魔法少女でいられる期間は才能に左右されるがおおよそ10代のうちで平均で2年から3年程度である。
その間に願いを叶えるため、力ある少女達は魔法少女として尽力するのだ。
そして魔法少女になるためにサポートを行うマスコットと契約をする。
しかしマスコットにも考えや与えられる能力の違いがあるので、魔法少女側の意見も聞き、それを斡旋するのが私、市原の仕事なのだ。
「あの…どうしても願いを叶えたいんです。そのマスコットさんと契約して叶えられますか…?」
「はい、水嶋ミカ様の願いは別居中の両親がまた仲良くなって一緒に暮らすことでございますね、願いを叶えるにも方法がいくつかございます。
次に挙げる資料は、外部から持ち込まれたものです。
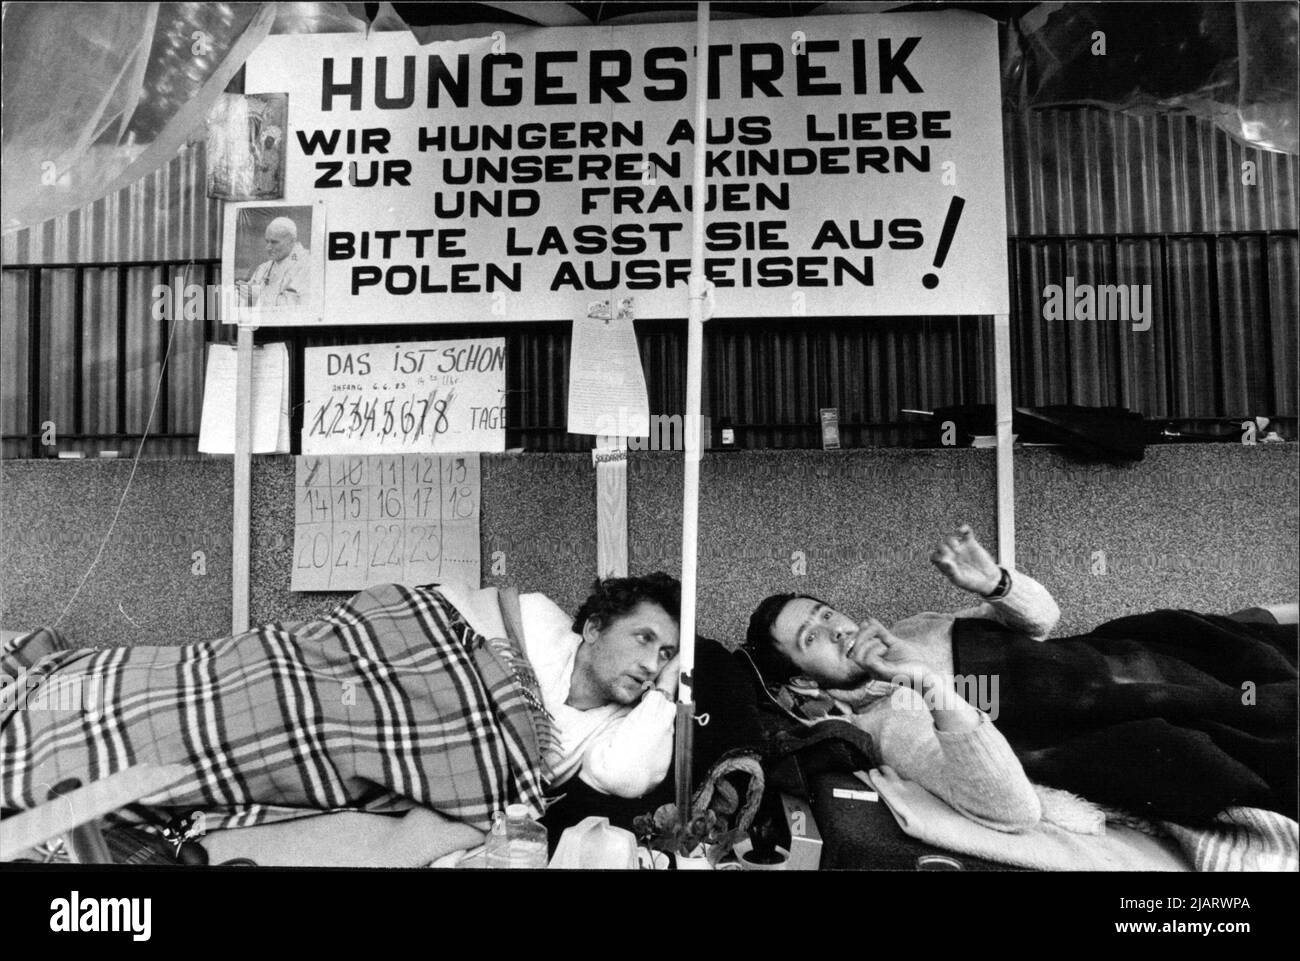 Die Aufnahme zeigt einige Beteiligte des Hungerstreiks vor der polnischen Botschaft in Köln. Stock Photo
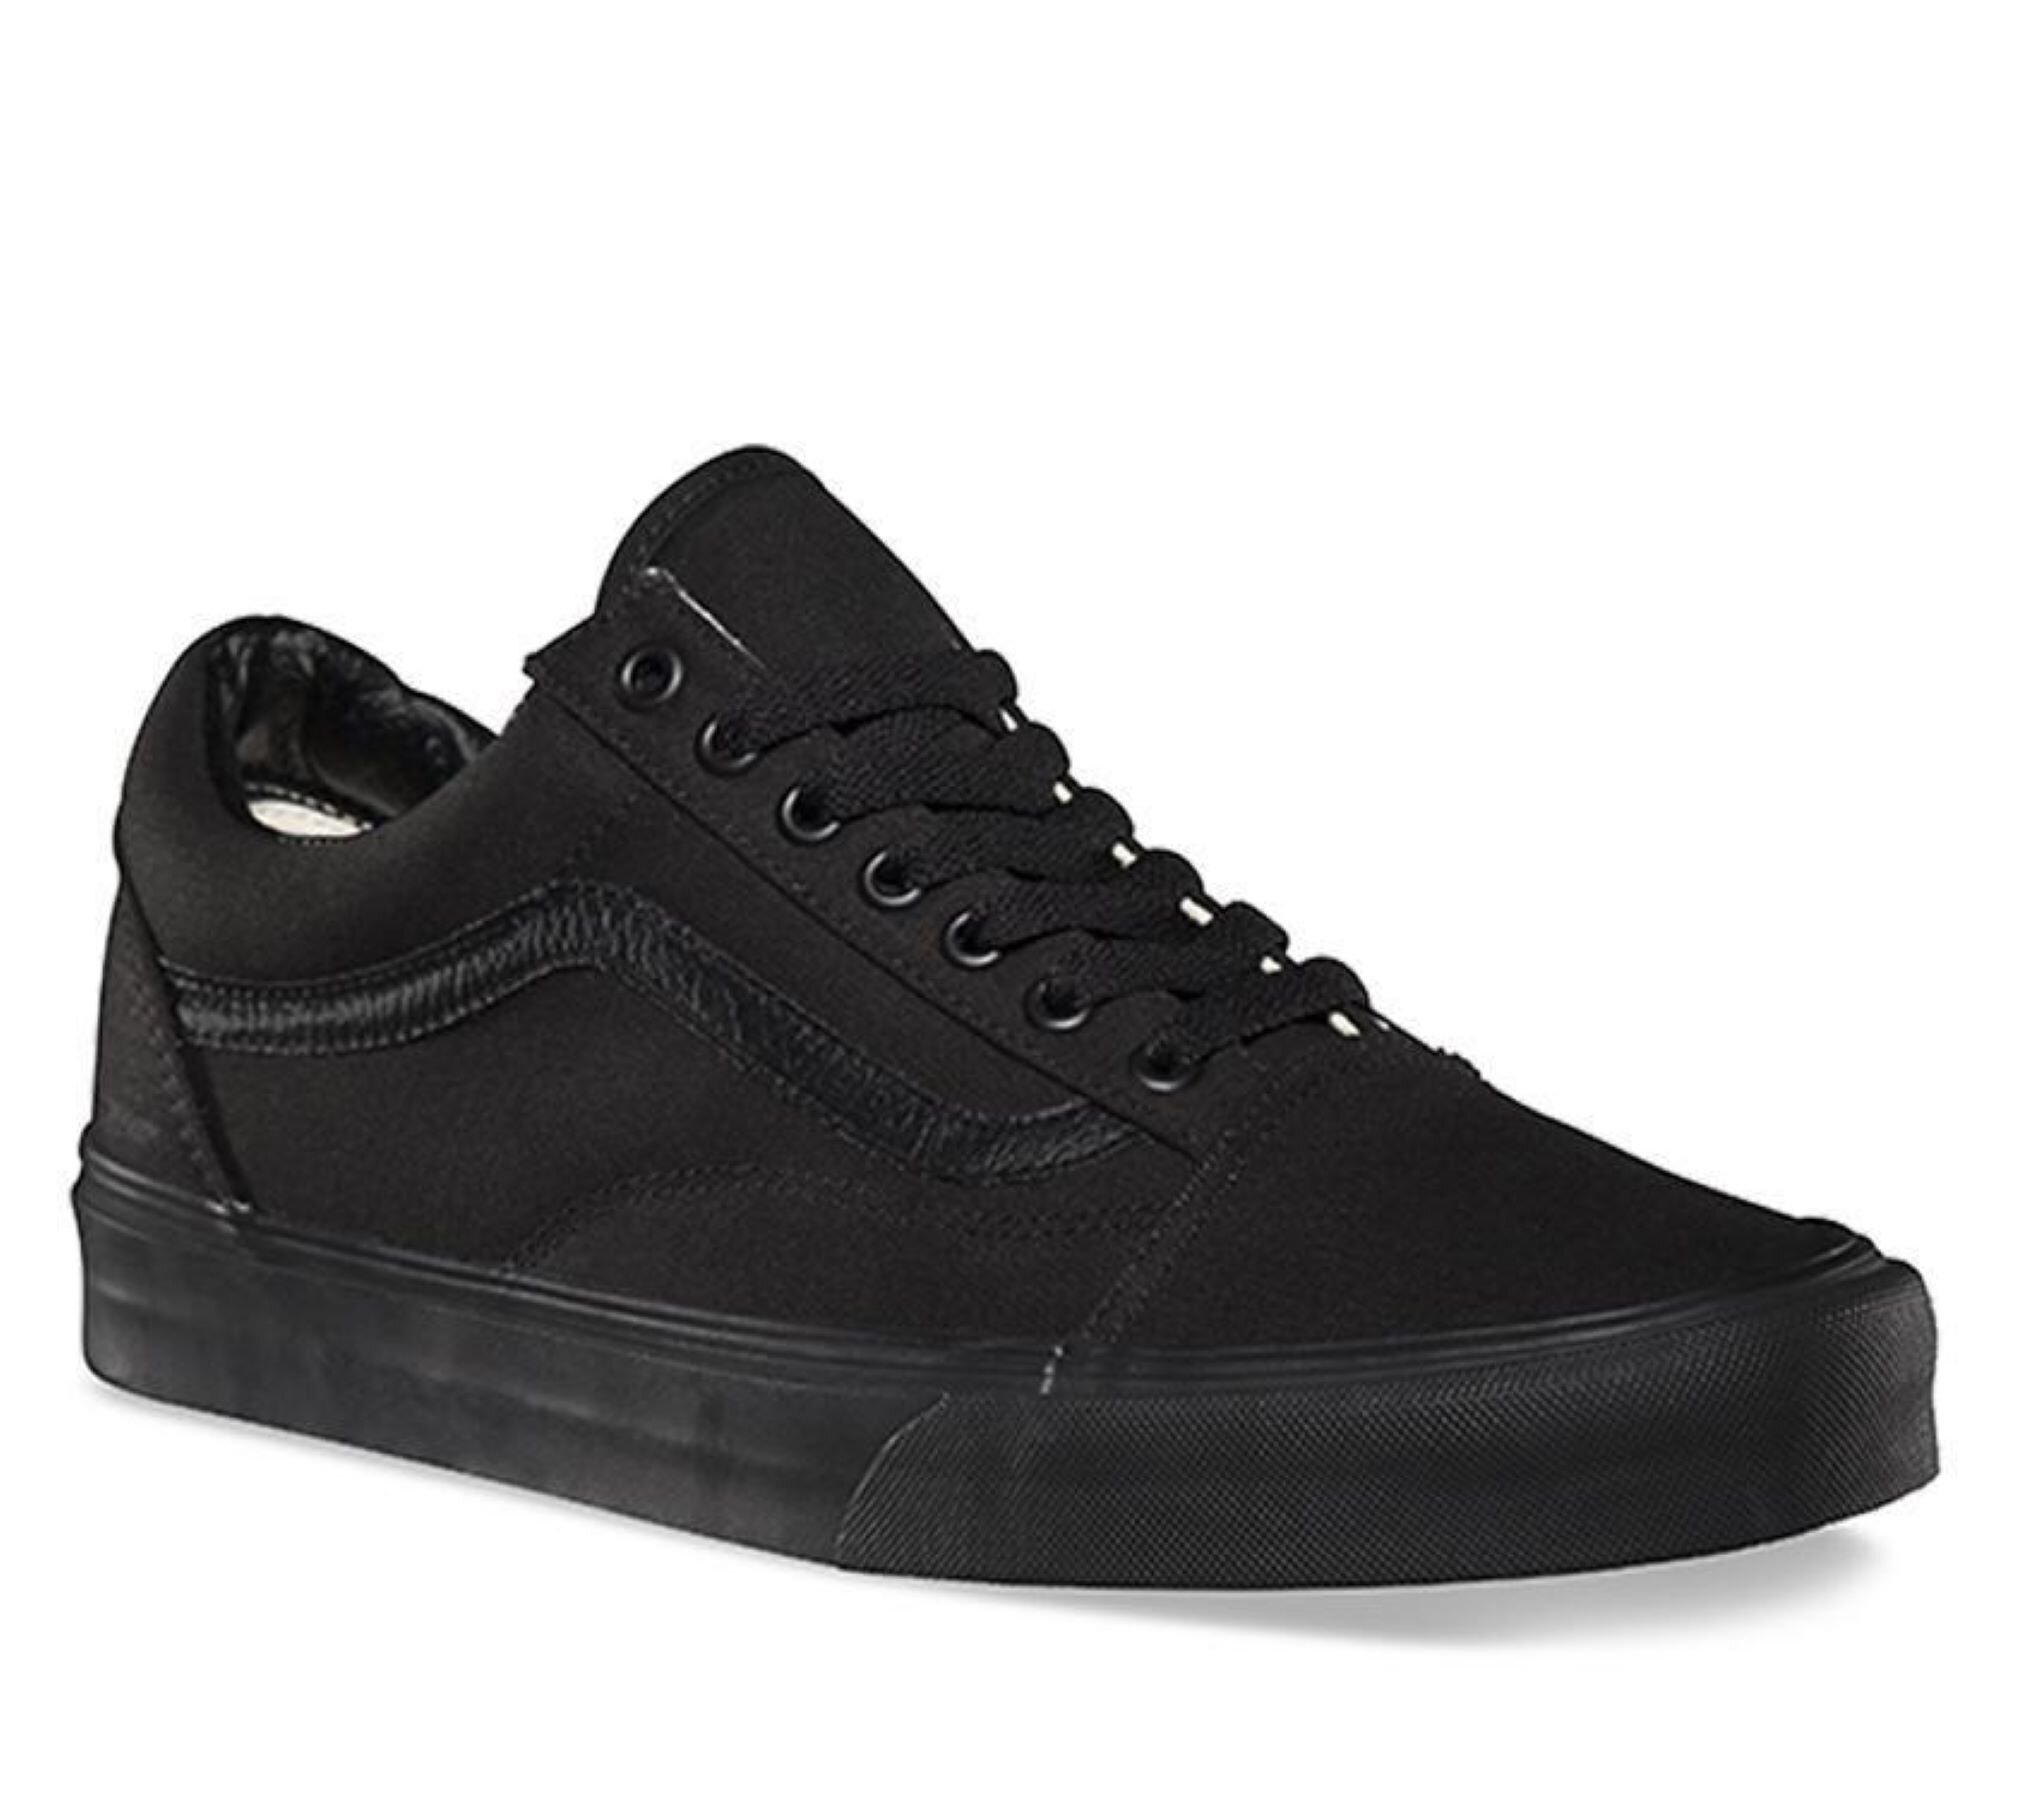 Vans Teen Old Skool - Black/Black - FOOTWEAR-Sneakers Kids Clothing NZ : Shop Online Kid - Vans MATA

平均的な獲得ポイントからしましても、そう難しくは無いと思います。」
「本当ですか…!じゃあ…そのマスコットさんで…」
「はい、かしこまりました。では、こちらの契約書にサインをお願いします。はい、そこで大丈夫です。それでは明日の放課後には到着いたしますので、どうぞよろしくお願いいたします。ご健闘をお祈りいたします。」
「はい!がんばります!」
水嶋ミカの両親の別居は生活時間のズレに起因するすれ違いによるもの、きっかけを作れば修復は難しく無い。
あ互いに冷めているものの、そこまで多くのポイントを必要とせずに願いは叶うだろう。ただその後もずっと続くとは限らない。彼女がその後も仲睦まじい両親を望むのであれば更にポイントは必要になるだろう。
その辺りはマスコットから伝えられるだろうし、どこまで望むのかは彼女しだい。
もしかすると、結局は他の願いに使うかもしれない。最初に設定した願いとは違う願いにポイントを使う魔法少女は少なくない。
この後は魔法少女とマスコットの問題だ。ララシィさんなら大丈夫だろう。
「あら、市原じゃない?なにしてんのたそがれちゃって」
雑居ビルの屋上で夕日の落ち切った少しだけ明かりの残る空を眺めていると声をかけられた。
「加賀見さんか…」
「なにさぁ、嫌な顔して」
「面倒な人に見つかったなと思っただけですよ」
「酷いなぁ、新人の時な親切に教えてあげた恩は忘れたのかぁ?」
「そういう絡みが苦手なんですよ…」
加賀見さん…自分が新人の時に仕事を教えてくれた先輩だ。悪い人ではないが良く知られているがゆえに絡まれたくないタイプの人であり、正直に言えば苦手な人だ。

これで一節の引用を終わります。